In this study, lung tissues from crocidurine shrews captured in Côte d'Ivoire were systematically analyzed for hantavirus RNA by reverse transcription polymerase chain reaction (RT-PCR). Undaunted by the vast genetic diversity of hantaviruses harbored by shrews, we resorted to a brute-force strategy of designing oligonucleotide primers based on regions of high sequence conservation. After exhaustive hit-and-miss attempts, a genetically distinct hantavirus, designated Azagny virus (AZGV), was detected in the West African pygmy shrew (Crocidura obscurior). Sequence and phylogenetic analyses of the S, M and L segments indicated that AZGV shared a common ancestry with TGNV and was evolutionarily distant from TPMV and MJNV, two crocidurine shrew-borne hantaviruses in Asia.

Methods

Trapping and specimen collection

Shrews were live caught, using pitfall traps, as well as Sherman traps (8 × 9 × 23 cm) (H.B. Sherman, Tallahassee, FL) and Longworth traps (14 × 6.5 × 8.5 cm) (Penlon Ltd., Oxford, UK). Pitfall traplines were set with drift fences using 1-m plastic sheeting or fine mesh cloth erected between short poles and running across plastic buckets that were 20-cm deep and buried flush with the soil surface. Up to 20 buckets were placed along 100- to 150-m long drift fences at 5- to 10-m intervals. Sherman and Longworth traps were set at intervals of 5 m during daylight hours of each day. Trapping was conducted over two to 10 consecutive days, at Azagny National Park, Lamto Natural Reserve and Dabou (Figure 1), during March, July, August, November and December 2009. Traplines and pitfalls were checked every morning and coordinates of each trapped animal were recorded by the global positioning system (GPS). Species, gender, weight, reproductive maturity and GPS coordinates of each captured shew were recorded. Lung tissues were collected in RNAlater® RNA Stabilization Reagent (Qiagen, Inc., Chatsworth, CA) and processed for RNA extraction, within 4 weeks of collection, for RT-PCR analysis. All experimental procedures on animals followed internationally recognized guidelines and were approved by the Ivorian National Park Office and the Muséum National d'Histoire Naturelle.

Figure 1
figure 1

West African pygmy shrew and geographic distribution. (A) Crocidura obscurior (West African pygmy shrew). (B) Map of Côte d'Ivoire, showing sites where crocidurine shrews were captured in 2009, particularly Azagny National Park, where a West African pygmy shrew harboring a newfound hantavirus was captured. The geographic range of the West African pygmy shrew extends along the coast of Côte d'Ivoire and neighboring Ghana, Guinea, Liberia and Sierra Leone (shaded area).
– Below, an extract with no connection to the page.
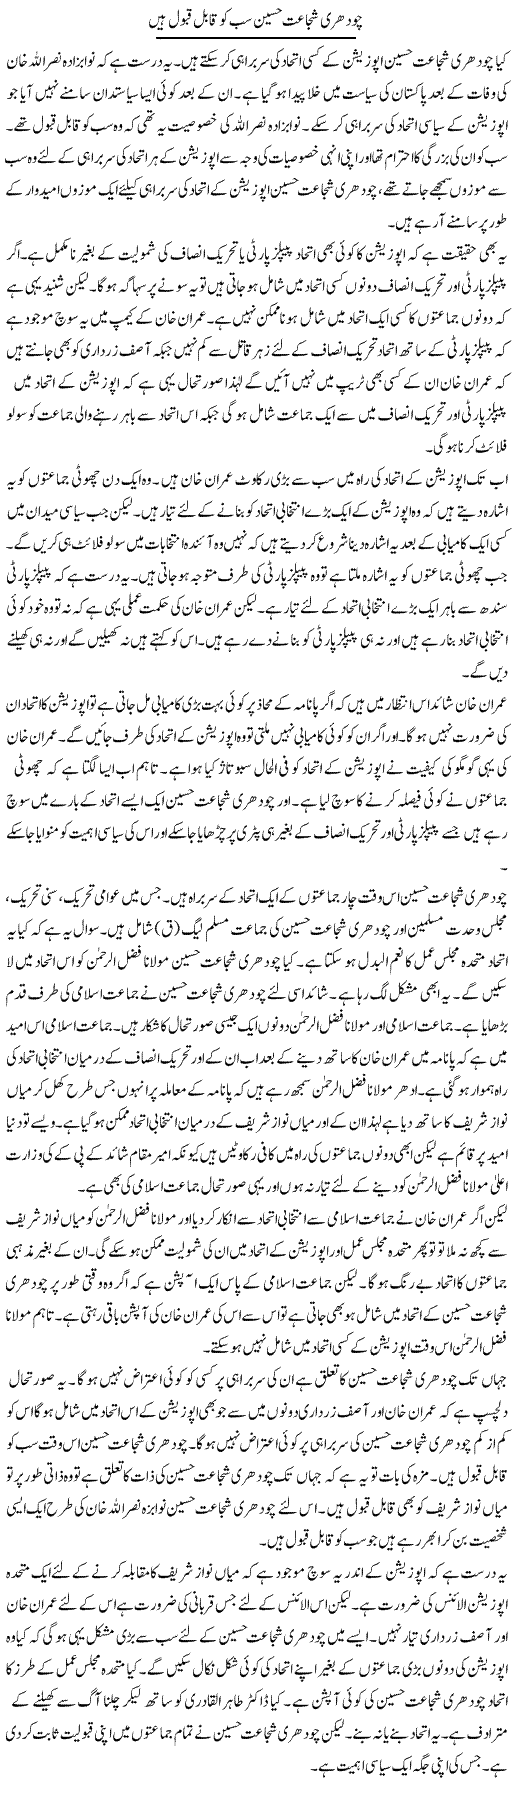 Chaudhry Shujaat Hussain Sab Ko Qabil Qubool Hain | Muzamal Suharwardy | Daily Urdu Columns

RNA extraction and cDNA synthesis

Total RNA was extracted, using the PureLink Micro-to-Midi total RNA purification kit (Invitrogen, San Diego, CA), from shrew tissues, and cDNA was prepared using the SuperScript III First-Strand Synthesis System (Invitrogen) and random hexamers and/or an oligonucleotide primer (OSM55: 5'-TAGTAGTAGACTCC-3') designed from the conserved 5'-end of the S, M and L segments of hantaviruses.

RT-PCR and DNA sequencing

PCR was performed as described previously [18], with each 20-μL reaction containing 250 μM dNTP, 2 mM MgCl2, 1 U of AmpliTaq polymerase (Roche, Basel, Switzerland) and 0.25 μM of oligonucleotide primers, with trial-and-error testing of primers and modified cycling conditions. Initial denaturation at 94°C for 5 min was followed by two cycles each of denaturation at 94°C for 40 sec, two-degree step-down annealing from 48°C to 38°C for 40 sec, and elongation at 72°C for 1 min, then 32 cycles of denaturation at 94°C for 40 sec, annealing at 42°C for 40 sec, and elongation at 72°C for 1 min, in a GeneAmp PCR 9700 thermal cycler (Perkin-Elmer, Waltham, MA). Amplicons were purified using the QIAQuick Gel Extraction Kit (Qiagen, Hilden, Germany), and DNA sequencing was performed using an ABI Prism 377XL Genetic Analyzer (Applied Biosystems, Foster City, CA).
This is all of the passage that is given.